Long-Lived αMUPA Mice Show Reduced Sexual Dimorphism in Lifespan, and in Energy and Circadian Homeostasis-Related Parameters.

Female αMUPA (alpha murine urokinase-like plasminogen activator) transgenic mice show increased lifespan, reduced body weight and food intake, and high-amplitude circadian rhythms with an endogenous period length (tau) of 24h, versus their wild types (WT) showing a 23.7-h tau. Our goal was to characterize αMUPA and WT male mice, and their in-strain sexual dimorphism, and to further understand the mechanisms underlying αMUPA's longevity.
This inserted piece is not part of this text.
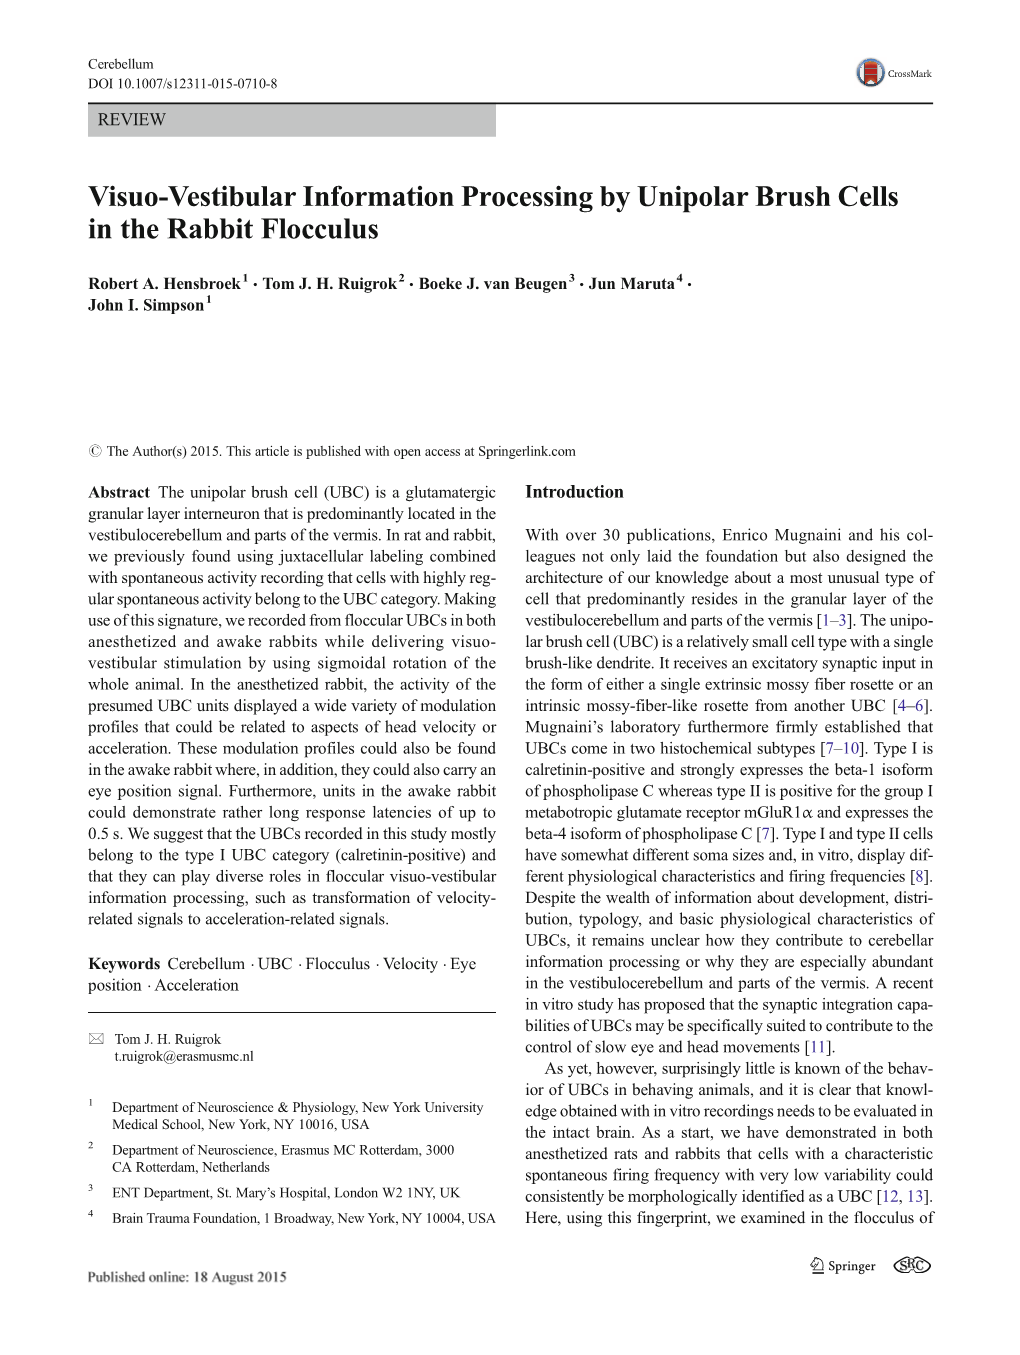 Visuo-Vestibular Information Processing by Unipolar Brush Cells in the Rabbit Flocculus

Male αMUPA mice showed increased lifespan, reduced body weight and food intake, and aligned endogenous rhythm with a tau of 24.0h versus a tau <24h in WT. However, no differences were found when intake was corrected for metabolic mass in male αMUPA mice. αMUPA's sexual dimorphism was damped or lacking in all studied traits, while WTs were sexually dimorphic, concluding that αMUPA's transgene overrides sex-dependent mechanisms involved in lifespan and in energy and circadian homeostasis. As enhanced resonance between tau and external circadian cycle correlates with increased lifespan and reduced body weight in other species, including humans, αMUPA's 24-h tau could contribute to their longevity. Focusing future research on the mechanistic interconnections between energy homeostasis, circadian homeostasis, sexual dimorphism, and aging, using αMUPA mice, may reveal mechanisms promoting reduced body weight and increased lifespan.